Targeting civilians through the destruction of shelter and food sources is a common practice in zones of conflict, a technique often employed when one group is trying to ethnically cleanse an area. The destruction of towns, villages, and food supplies disproportionately affects the elderly and sick, many of whom are unable to leave safely due to their physical and economic limitations.

007-site

Nahad Jabar Jouad, homeless, Iraq

Nahad Jabar Jouad
Squatter
Baghdad

"We once lived in a good place, but that was before the war. It got expensive after the war so we moved out. Know everything cost so much. The rents are too high. Food is not cheep. My husband can’t find work so we live here. This war did little to help us. We are worse now then before. And to make matters worse I am pregnant again".
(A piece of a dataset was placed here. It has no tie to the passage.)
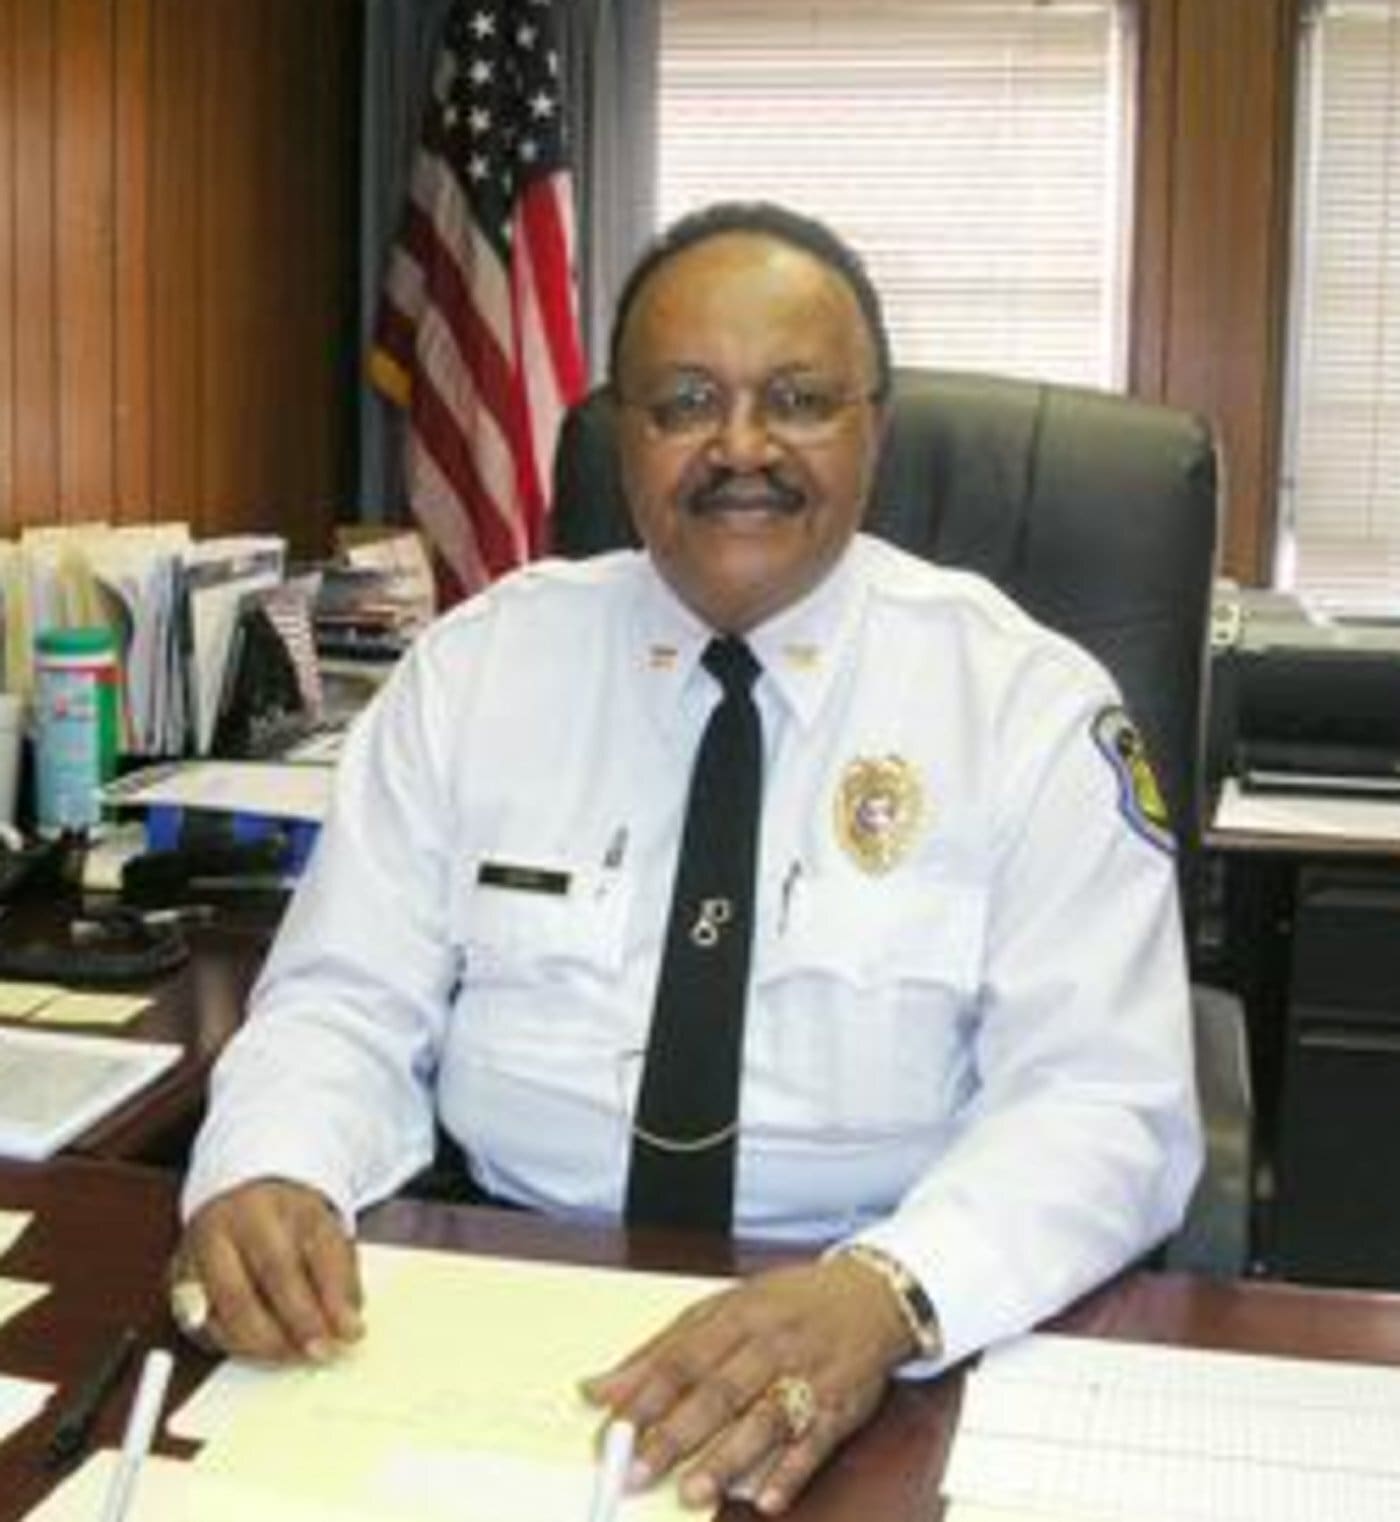 St. Louis Police Capt. David Dorn

Instability displaces peoples and creates hardships. Devaluation of currency, inflation, and unemployment are just a few of the realities of living during, and after, political upheavals. Any previous safety nets are often no longer available, personal savings are often exhausted, and as long as the prospect of instability remains, few opportunities to better one’s future exist.

09-site

Hadiyah Abdul Adam
rape victim
Darfur

"I am very afraid. Afraid they will come back.
I am ashamed... Ashamed of what happened".

Rape is endemic in conflict zones. And no individual, regardless of age or gender, is safe. A 2010 study found that 22% of men and 30% of women in Eastern Congo reported conflict-related sexual violence. Rape and war have been synonymous for all of recorded history and the present day is as brutal as any time in the past.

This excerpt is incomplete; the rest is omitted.